Saudi Arabia, Abu Dhabi and Qatar's international bond issues totalling $31.5 billion create a pricing benchmark that will support the broader growth of capital markets in the region, according to Fitch Ratings.
The agency said in a research noted that the lack of a sovereign yield curve has been one of several factors holding back corporate bond issuance in the region.
But Fitch said these dynamics are starting to change, and corporate issuance should gradually start to take off in 2017.
"Given the shift in oil prices and our expectation that they will only recover to around $65 a barrel in the long-term, we believe sovereign issuance from GCC members will become a more regular feature of these markets," the agency noted.
"This is critical because the yield on sovereign debt creates a pricing benchmark from which all other debt instruments in the same market can be priced," it added.
Robust liquidity and strong lending appetite at the region's banks also has been a factor in the slow development of local corporate bond issuance, Fitch said, adding that bank financing has been easier, quicker and cheaper than tapping capital markets, especially given the lack of a track record of issuance.
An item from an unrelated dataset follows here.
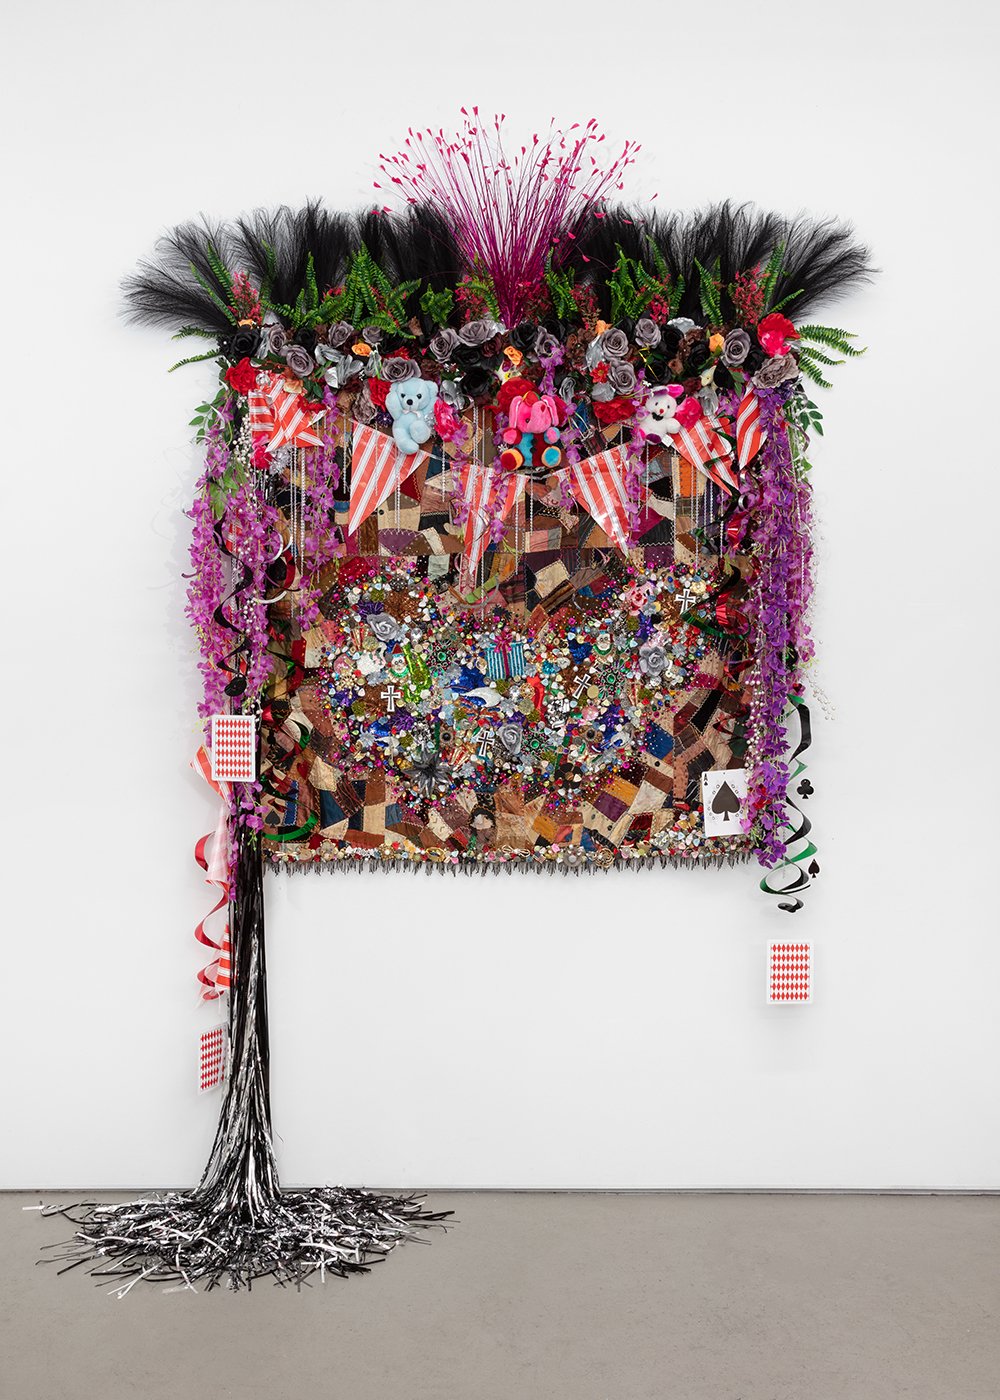   Shroud #10 , 2022, Found ‘Crazy’ quilt ca. 1890, trim, fabric flowers, streamers, banners, garland, metal chain, toys, ribbon, costume jewelry, buttons, plastic flowers and fauna, beads, sequins, thread, fabric, Douglas fir, 108 x 76 x 26”

However, lower oil prices have reduced banks' liquidity and therefore their ability and willingness to lend. This may create a large funding gap for corporates, Fitch said.
New regulatory regimes will also help standardise bond issuance, which should help speed up the process and reduce costs, the Fitch statement added.
Fitch said the biggest remaining roadblocks to corporate issuance are likely to be the development of debt management expertise and a change in the corporate culture to increase financial and management transparency.
"The region's biggest corporates should be able to adjust relatively quickly and are likely to drive a gradual increase in corporate issuance next year," the agency said.
It added: "We believe GCC corporates are more likely to issue sukuk than bonds (or a mixture of both rather than only bonds) in order to attract a wider local and regional investor base including Islamic investors."